Zuma v National Director of Public Prosecution (232/2007) [2007] ZASCA 139 (8 November 2007)




REPUBLIC OF SOUTH AFRICA


THE SUPREME COURT OF APPEAL

OF SOUTH AFRICA


Case number: 302/06

Reportable

In the matter between:


THE MINISTER OF SAFETY AND SECURITY FIRST APPELLANT

THE COMMANDING OFFICER SERIOUS

ECONOMIC OFFENCES UNIT SECOND APPELLANT

D H S SMITH THIRD APPELLANT


and


S H BENNETT FIRST RESPONDENT

G P PORRITT SECOND RESPONDENT

SYNERGY MANAGEMENT (PTY) LTD THIRD RESPONDENT

MAJORSHELF 117 (PTY) LTD FOURTH RESPONDENT

A DATHOO N.O FIFTH RESPONDENT

J U E BUYTENDAG N.O SIXTH RESPONDENT

B M MTBELE N.O SEVENTH RESPONDENT


CORAM: FARLAM, NUGENT, CLOETE, PONNAN et MLAMBO JJA


HEARD: 3 MAY 2007


DELIVERED: 8 NOVEMBER 2007


SUMMARY: Search and seizure – whether execution of warrants issued in terms of s 21 of Criminal Procedure Act 51 of 1977 invalid – whether seizure of documents covered by warrant invalidated by simultaneous seizure at the same time of privileged documents not covered thereby.


Neutral citation: This judgment may be referred to as Minister of Safety and Security v Bennett [2007] SCA 139 (RSA).

_______________________________________________________

JUDGMENT

________________________________________________________


FARLAM JA

[1] This is an appeal against a decision by Bertelsmann J, sitting in the Pretoria High Court, in which, amongst other things, he declared the execution of certain search warrants to have been performed in an unconstitutional and unlawful fashion and ordered the return of all documents removed in terms of the warrants.


[2] The respondents in this matter, Susan Hilary Bennett, a businesswoman of Johannesburg, Gary Patrick Porritt, a businessman of Johannesburg and two companies at whose premises searches authorized by the warrants took place, applied to the Pretoria High Court for, amongst other things, orders (1) setting aside search warrants issued by magistrates in Pietermaritzburg, Kokstad and Johannesburg, (2) directing the appellants, the Minister of Safety and Security, the commanding officer of the Serious Economic Offences Unit of the South African Police Services and a member of the unit, who is the investigating officer in a criminal case pending against the respondents, to return all documents, data and other property seized pursuant to the warrants and (3) interdicting the appellants from utilizing any of the documents, other property seized pursuant to the warrants or copies or reproductions thereof or information derived therefrom.

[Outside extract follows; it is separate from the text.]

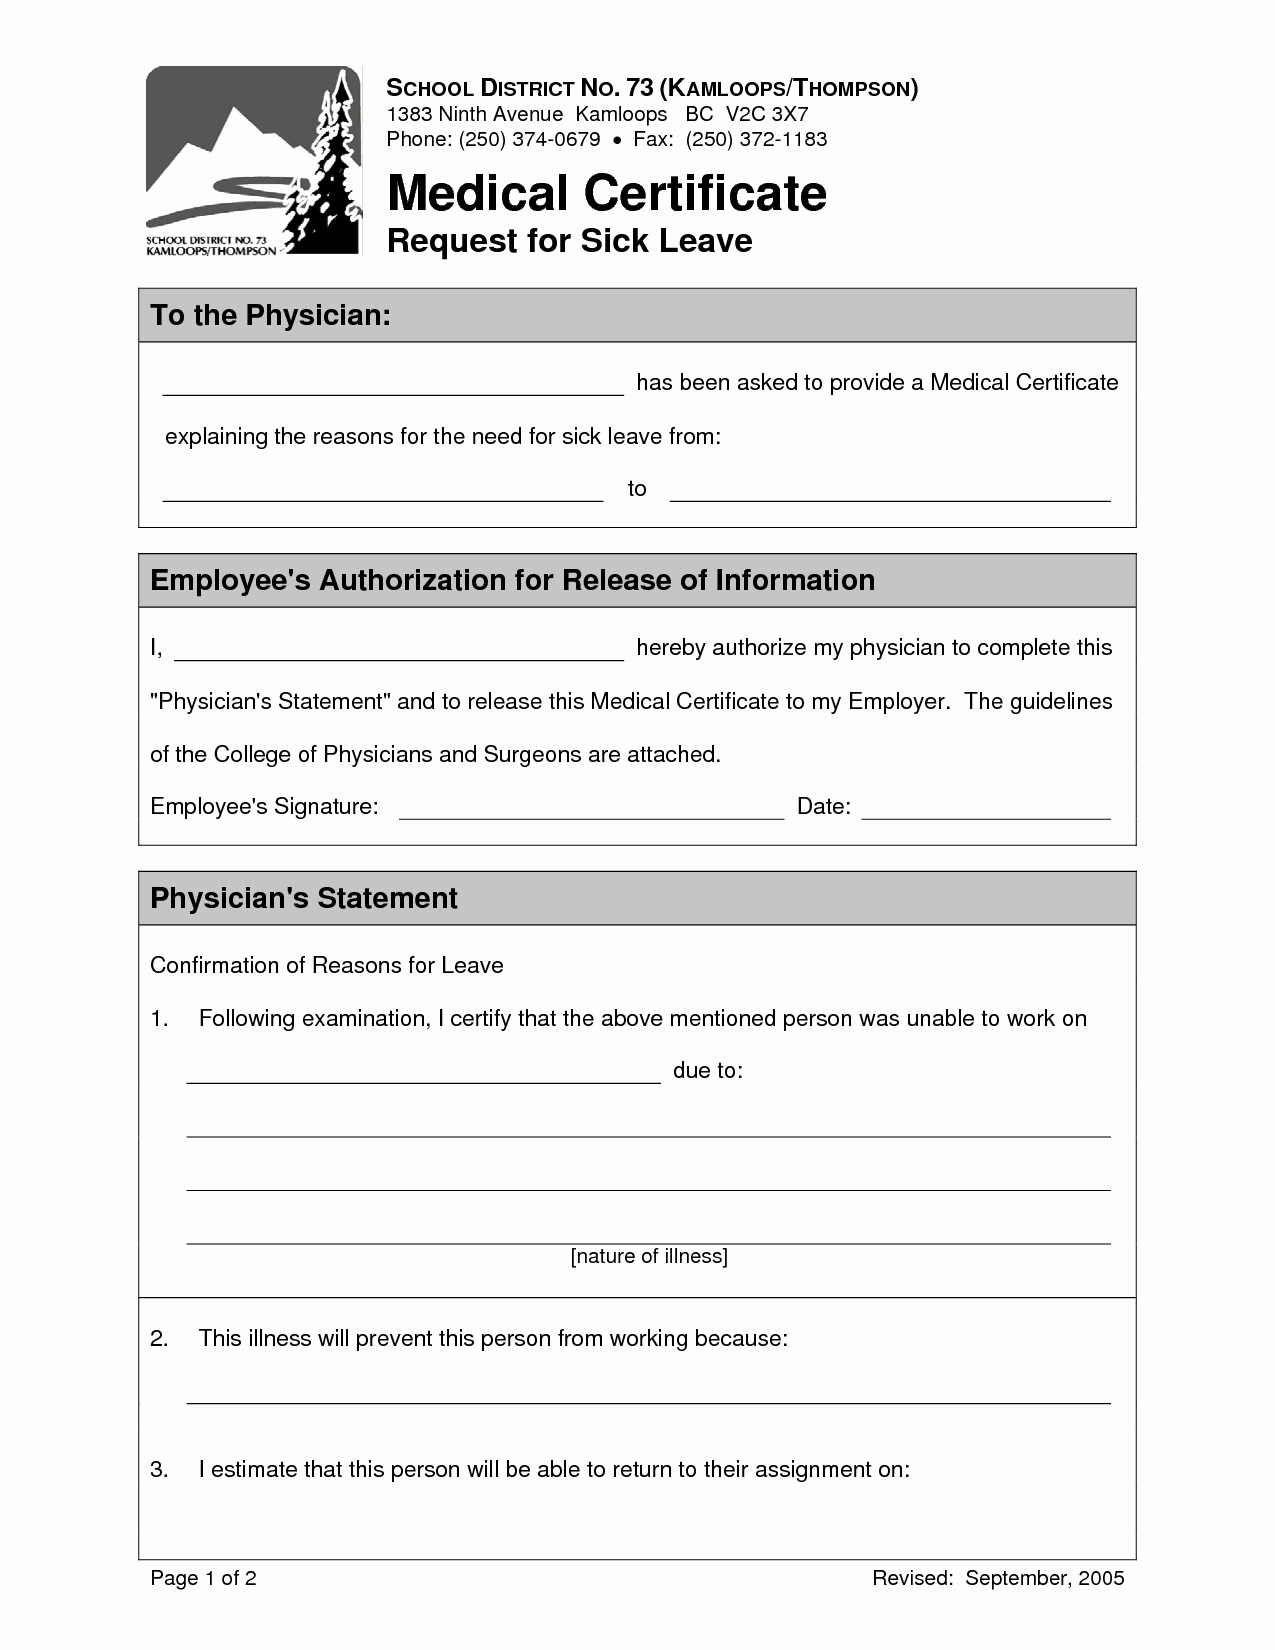 Sick Leave form Template Luxury 19 Medical Certificate Templates for Leave Pdf Docs

[3] Bertelsmann J refused to set aside the warrants holding that they were validly issued. He also refused to interdict the use at the trial of the respondents of the documents, data or other property or copies or reproductions or information therefrom, holding in this regard that the trial court would be in a better position to decide on the admissibility of evidence derived from the execution of the warrants. The respondents have not cross appealed against his refusal to set the warrants aside or to interdict evidence obtained pursuant to the execution thereof.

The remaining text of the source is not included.